Schreiner – ein Leben lang

Hans Neuenschwander (90) kehrte im ersten Lockdown 2020 von seiner Kanadareise zurück in die Schweiz. Bild: Franziska Herren

Hans Neuenschwander sitzt in der Stube seines Einfamilienhauses in Aarburg AG und blickt in den sonnigen Herbstnachmittag. Eine Nachbarskatze spaziert durch den Garten, in dem noch die letzten dunkelblauen Trauben an den Reben hängen. «Eine der schönsten Erinnerungen ist, wie meine Frau und ich dieses Haus bauten. Sie erwartete damals das dritte Kind», erzählt Neuenschwander strahlend. Eine grauhaarige Frau lächelt in einem eingerahmten Foto vom Stubentisch. «Das ist Heidi, meine Frau. Sie ist letztes Jahr gestorben.» Mit 73 Jahren machten sich bei ihr Anzeichen von Demenz bemerkbar. «Die darauffolgenden Jahre waren sehr schwierig.» Neuenschwander übernahm immer mehr Aufgaben. Er lernte kochen und machte den ganzen Haushalt. Daneben führte er seine Schreinerei, die er erst dieses Jahr aufgab – mit 90 Jahren. Neuenschwander ist ein quirliger Mann, mit einem wachen Geist und einer beeindruckenden Lebensgeschichte. Zusammen mit vier Geschwistern wuchs er auf einem kleinen Bauernbetrieb auf. Im Haus gab es kein fliessendes Wasser und gewaschen wurde draussen an einem Sodbrunnen. Als Neuenschwander acht Jahre alt war, brach der Zweite Weltkrieg aus. Sein Vater rückte in den Dienst ein und die Arbeit mit Vieh und Hühnern fiel dem kleinen Hans zu.

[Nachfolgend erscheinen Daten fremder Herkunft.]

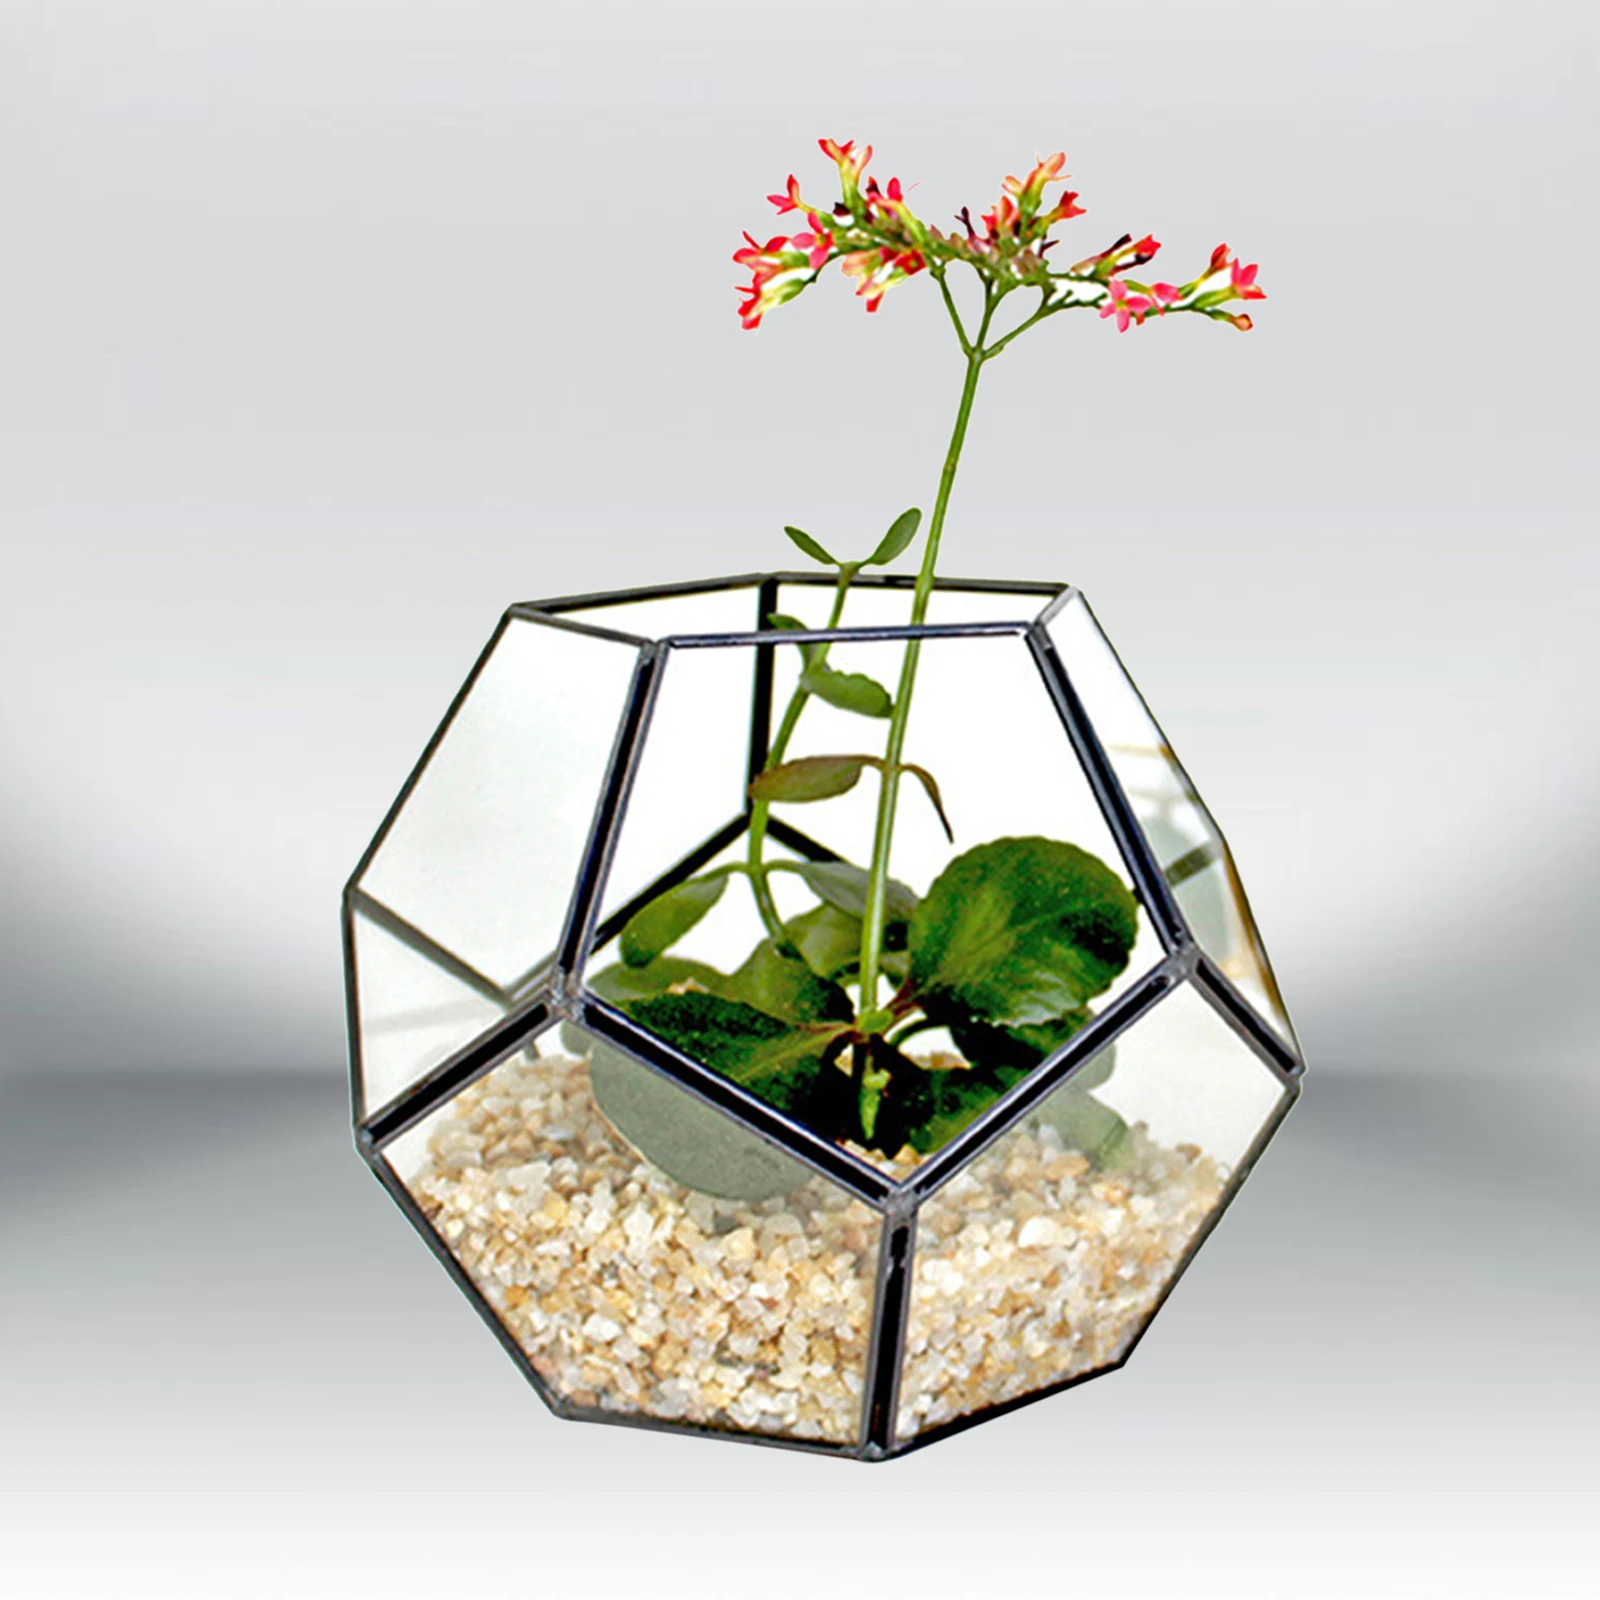 Geometric Terrarium Home Tabletop Decor Display Box for Family Friends Couples Schoolmate Gift

«Ich stand jeden Tag um halb fünf auf, besorgte den Hof, bis die Schule begann», schildert er. Daneben half er einer Bauernfamilie in der Nachbarschaft beim Säen, Pflanzen und Ernten. «Ich verdiente zwanzig Rappen pro Tag. Meist gab es noch einen Franken Trinkgeld.» Dieses Geld lieferte er seiner Mutter ab, die sich mit ihren fünf Kindern durch die Kriegsjahre kämpfte. «Wir mussten richtig unten durch.»

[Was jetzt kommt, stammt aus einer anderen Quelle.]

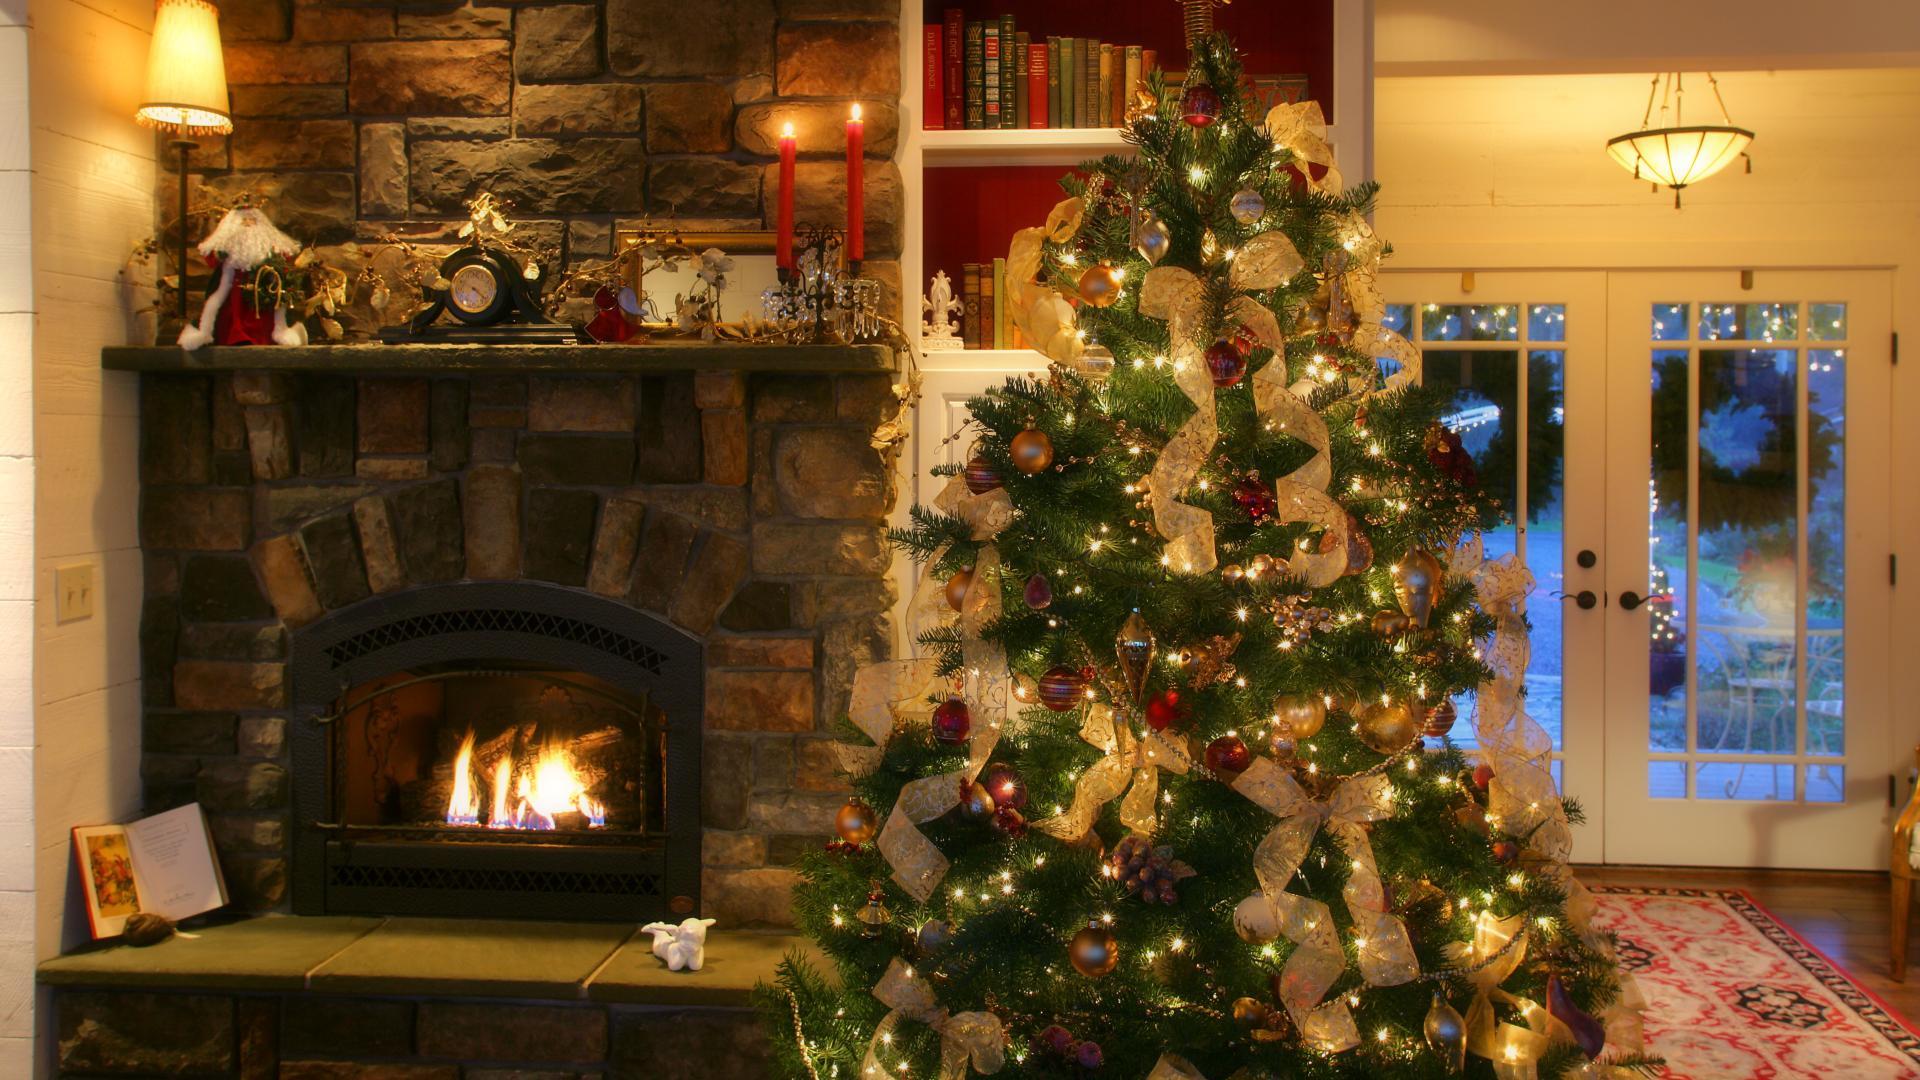 Download Wallpaper new year christmas tree fireplace

Nach der Schule machte er eine Lehre als Möbelschreiner. In seinem Lehrbetrieb half er mit, Aussteuern anzufertigen. «Damals war es ja so, dass der Vater der Braut die Aussteuer auswählte. Dazu gehörten Möbel für das zukünftige Zuhause des Brautpaars wie Bett, Nachttische, Stühle oder Buffet.» Nach der Lehre arbeitete Neuenschwander oftmals zu niedrigsten Löhnen. «Einmal verdiente ich nur einen Franken pro Stunde», erzählt er. Wegen des schlechten Verdienstes spielte er mit dem Gedanken, den Schreinerberuf an den Nagel zu hängen. «Genau da wechselte ich in eine Schreinerei, wo mich mein Chef nach kurzer Zeit als Maschinist einsetzte. Das gefiel mir sofort.» Neuenschwander bildete sich laufend weiter und führte 36 Jahre lang grosse Holzbetriebe. Mit 62 Jahren fing er nochmals ganz neu an. Er richtete in seinem Keller eine Werkstatt ein und machte sich selbstständig. «Die Selbstständigkeit war meine schönste Zeit. Dass ich bis 90 arbeiten würde, hätte ich aber selber nie gedacht.» Mit 89 liess sich Neuenschwander noch auf ein besonderes Abenteuer ein. «In der ‹Tierwelt› entdeckte ich ein Inserat eines Schweizers, der in Kanada eine Lodge führte und jemanden für Unterhaltsarbeiten suchte.» Auf dieses Inserat bewarb sich noch ein anderer Rentner. Die beiden nahmen Kontakt auf und entschlossen sich, zusammen nach Kanada aufzubrechen – Tausend Kilometer von Vancouver entfernt, in einen Wald, mitten in ein Indianerreservat.

Neuenschwander und sein Kollege fällten bei minus 20 bis minus 30 Grad Holz, reparierten Generatoren und kümmerten sich um die Wasserversorgung der Lodge. «Die Natur war einmalig. Ohne Hund wäre ich aber nie in den Wald gegangen, denn es gab Bären und Pumas. Mir hat dort übrigens niemand geglaubt, dass ich schon fast neunzig bin.»

«Die Selbstständigkeit war meine schönste Zeit. Dass ich bis 90 arbeiten würde, hätte ich aber selber nie gedacht.»